Use storage tools to monitor storage system disk performance, which needs to be monitored together with esxtop
There is also a tool called vSCSIStats
If certain applications provide more memory, they can reduce their disk overhead.
- Storage system is slow
Follow the above list
- Storage system latency
Shares
https://docs.vmware.com/en/VMware-vSphere/6.7/com.vmware.vsphere.html.hostclient.doc/GUID-3AB5A86D-5AFF-4A18-A758-08A529C7A9F9.html
Limit IOPS
https://kb.vmware.com/s/article/1038241
CongestionThreshold (Storage IO Control).
https://kb.vmware.com/s/article/1019687
- Bad disk
Check the disk/network storage regularly, and replace it immediately if it fails or is out of date. However, you should know that in some cases, especially when a disk fails, starting a check (additional use of RAID memory) will leave other disks in the same fate = destroy the entire RAID.
- ESXi system
Use separate disks for the ESXi host OS, swap partitions, and VMs stored on local data storage. In addition, consider using RAID to improve read and write performance.
- Snapshot
Delete all unused or redundant snapshots. This is not an optional operation. It must now be known that the more snapshots you have, the greater the disk overhead for I/O activity.
- encryption
Use disk encryption only when necessary! Encryption will cause increased overhead, and increased overhead will cause performance degradation.
Tips:
(1) Deploy vRealize Operations Manager to conduct a more in-depth assessment of the environment
(2) Ask yourself a question: Does the VM really behave abnormally?
(3) Latest update and latest version
Updates and the latest version often resolve performance issues by fixing bugs, improving drivers and code. However, sometimes the latest version can make the situation worse! Therefore, please stay vigilant and test until you are sure.
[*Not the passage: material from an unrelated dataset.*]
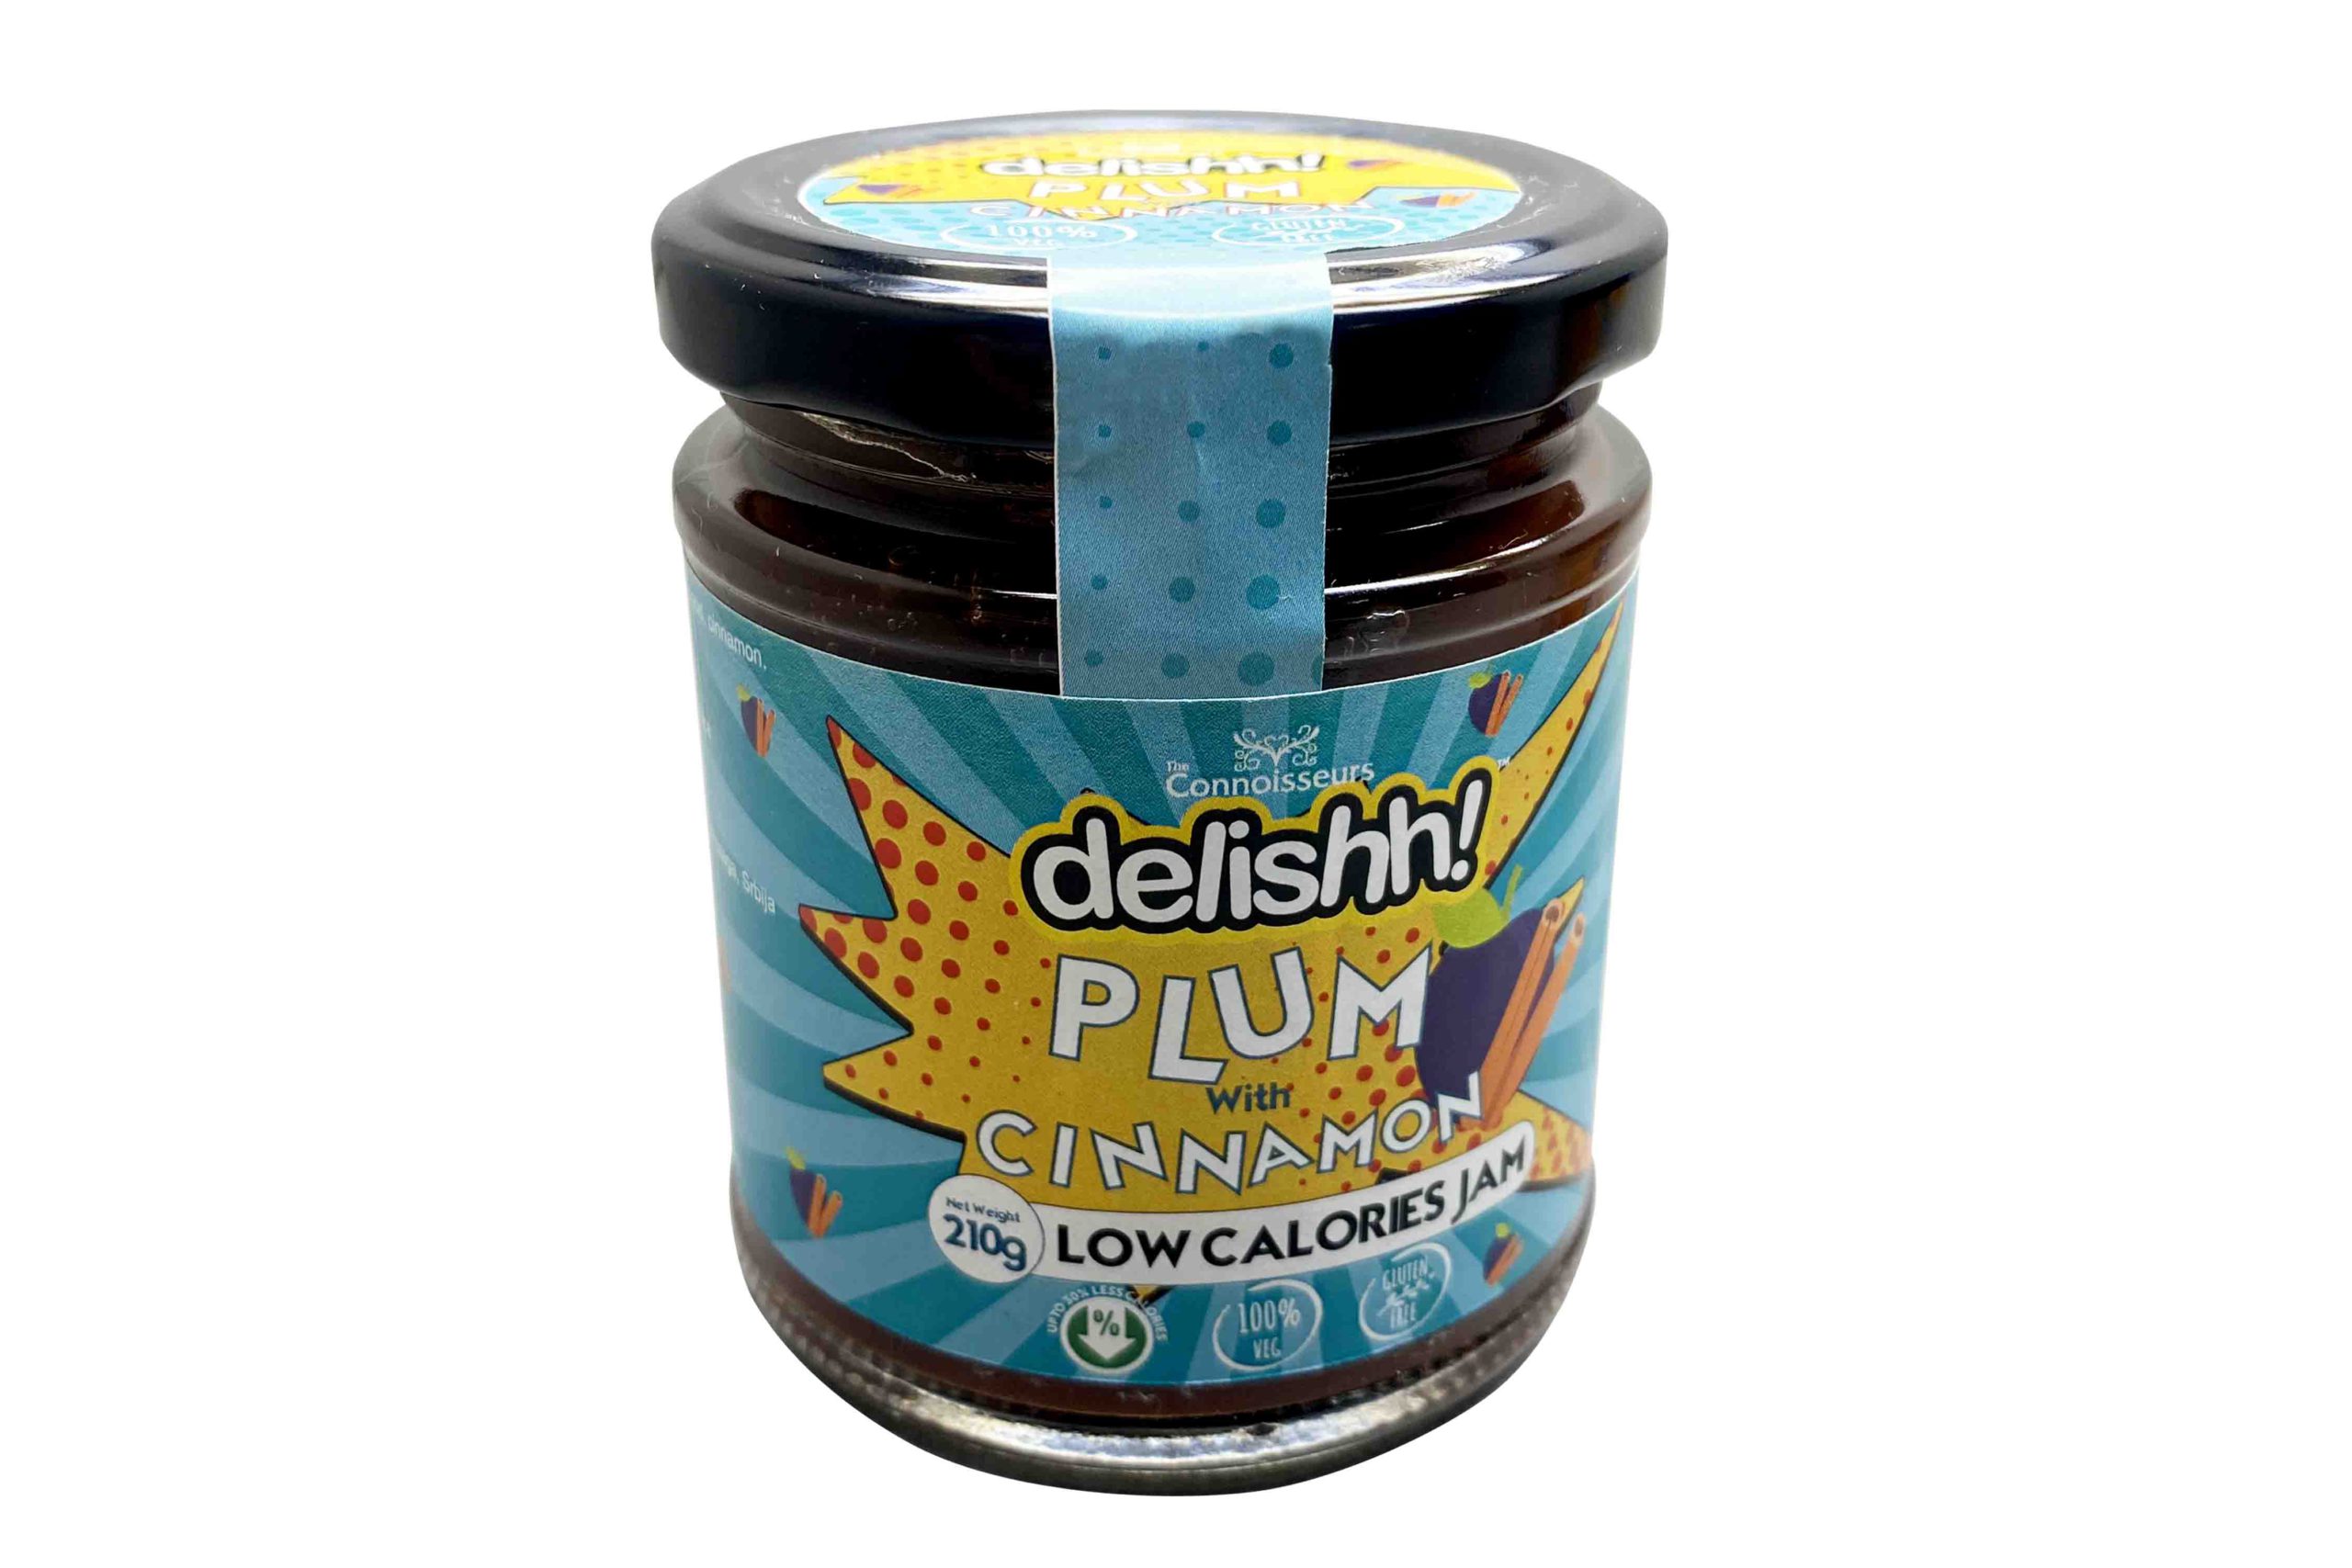 Delishh Plum Fruit Jam

Or at least let others try it before making a decision.
(4) Antivirus software
It is not recommended to install any anti-virus software on ESXi, because ESXi itself occupies a small space and has built-in security features. If you must install AV on ESXi, you must exclude VM files (such as VMDK) from the scan plan, especially during peak usage hours.
(5) Is CPU power management enabled?
If CPU power management is enabled on the ESXi server, it may cause speed delays, which in turn causes delays in applications or workloads, resulting in performance degradation. If you think this is the source of the problem, you must check with the manufacturer's documentation on disabling CPU power management. If the effect is zero, please re-enable it and perform a health check.
(6) Battery for Bios and SCSI controller
If possible, please check the battery of the Bios system of the ESXi host and the power battery of the SCSI or other controllers. SCSI cache usually requires additional power to work, and the battery on the control board usually provides power for it. Although the manual said it was a backup power solution, I found that the power supply battery undervoltage caused the controller to work incorrectly, which can only be repaired by replacing it.
A few final suggestions:
Perform health checks on all physical structures of the storage system, including iSCSI switches, networks, and optical cables.
Check the switch log to ensure that no errors or other events have occurred in the storage system or the device itself.
Ping iSCSI from the vmkernel address to ensure that there is no problem connecting to iSCSI.
Perform a health check on the SAN itself-make sure there are no failed disks, storage controller failover events, or any other errors that may affect performance.
Check the available disk space on each LUN connected to the ESXi host.
to sum up
Troubleshooting VMware vSphere ESXi seems a bit complicated. However, with accurate documentation, a good understanding of the infrastructure, and some efficient built-in tools, any problem with the VM can be solved. Think about where and what is wrong, and then find out what caused the system to fail. You can also seek help from VMware or vendor technical support at any time.
Scan the code and follow the official account to see more technical dry goods!